Make the web app with Svelte

I'd like to start using Svelte to build my web things. I've seen folks at the New York Times make lots of visualizations very quickly using Svelte, so this seems like a good moment to start. Even though it's clearly more powerful than what I need at the moment, this will get me solving problems — and also provides a nice way to organize and serve up my code.

Merging Svelte into what I've done so far

I'd already started this repo with my own template, and had done all the coding above. Now I needed to weave in the Svelte template. Starting a Svelte project from scratch is pretty clear, but this would be a little trickier. Using a blog post by Vaibhav Mule as a rough guide, here's what I did, from the root directory of this repo:

# save my work
git add -A
git commit -m "saving my stuff"
git push origin main

# make a new branch
git branch add-svelte
git checkout add-svelte

# link up to the svelte template
# ... even tho I dropped an "e" in the name of the remote :-)
git remote add -f svelttemplate https://github.com/sveltejs/template.git

# merge my branch with the svelte template
# using --allow-unrelated-histories to combine them
git merge svelttemplate/master --allow-unrelated-histories

This worked, but led — expectedly — to merge conflicts. They were listed as:

CONFLICT (add/add): Merge conflict in public/index.html
Auto-merging public/index.html
CONFLICT (add/add): Merge conflict in package.json
Auto-merging package.json
CONFLICT (add/add): Merge conflict in README.md
Auto-merging README.md
CONFLICT (add/add): Merge conflict in .gitignore
Auto-merging .gitignore
Automatic merge failed; fix conflicts and then commit the result.

The only resolution that was a little tricky was the package.json, where I just made sure to blend the two files into one by adding the following items from the Svelte template into the code I had for my original repo:

  • Replaced the "scripts": object in my original with Svelte's, so it now reads:
"scripts": {
    "build": "rollup -c",
    "dev": "rollup -c -w",
    "start": "sirv public"
  },
  • Added the "devDependencies": object from Svelte:
"devDependencies": {
  "@rollup/plugin-commonjs": "^17.0.0",
  "@rollup/plugin-node-resolve": "^11.0.0",
  "rollup": "^2.3.4",
  "rollup-plugin-css-only": "^3.1.0",
  "rollup-plugin-livereload": "^2.0.0",
  "rollup-plugin-svelte": "^7.0.0",
  "rollup-plugin-terser": "^7.0.0",
  "svelte": "^3.0.0"
},
  • Edited the "dependencies":object to include the sirv-cli line from Svelte, so it becomes:
"dependencies": {
  "mapshaper": "^0.5.39",
  "sirv-cli": "^1.0.0"
}

Then ...

# merge my temporary branch into the main branch
git add -A
git commit -m "resolved conflicts"
git checkout main
git merge add-svelte

# run npm install to bring in all the new items in package.json
npm install

Using Svelte to format the map, header, etc.

Done! :-)

See the App.svelte source file.

Modularize the map and map key

Also done! See the SvgImage and MapKey files.

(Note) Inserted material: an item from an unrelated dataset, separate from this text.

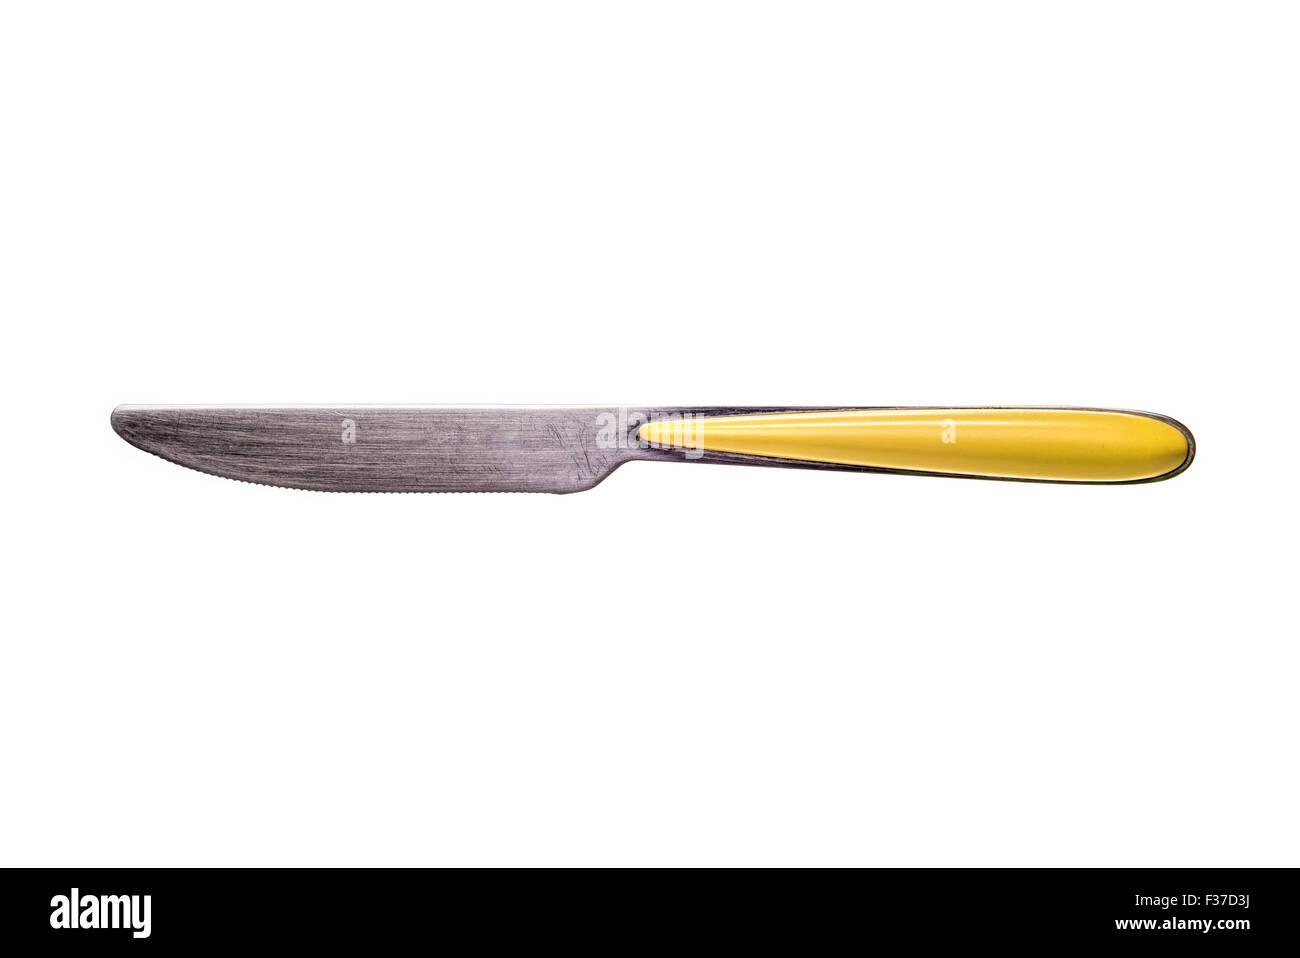 Un materiale metallico in acciaio inossidabile inox coltello da tavola con un manico giallo isolato su sfondo bianco Foto Stock

The MapKey file will be key (heh), since making map keys can sometimes take as long as making maps. This way, I can just drop in the component and set the properties.

The SvgImage component just cleans things up a little, and takes full advantage of Svelte's built-in monitors for the size of the screen. So the image scales with the window size.

That said, the right way to incorporate that SVG onto the page will be with ai2html, which pulls out the text from the SVG — which not only keeps it from shrinking as the image gets smaller, but also allows you to style the text through CSS. That'll be nice for when I want to move or disappear the names on the smallest states (sorry, guys).

Using ai2html

I (slightly) remade the map using Adobe Illustrator and turned it into html with ai2html. This turns all the text into html and places the image of the map behind it — making the text both sharper at different scales and addressable with CSS.

Installing ai2html was a breeze, though the latest Adobe Creative Cloud version of the Illustrator Scripts folder is at:

/Applications/Adobe\ Illustrator\ 2021/Presets.localized/en_US/Scripts/

Also I spent some time on the configuration json to get it work as I wished.

To stay working with Svelte, I made a component that slurps in html from another file.

Addressing the CSS in the map was a little tricky, as styles added to the component don't seem to apply to the slurped-in html. So I hacked away at the global.css file and got it to work.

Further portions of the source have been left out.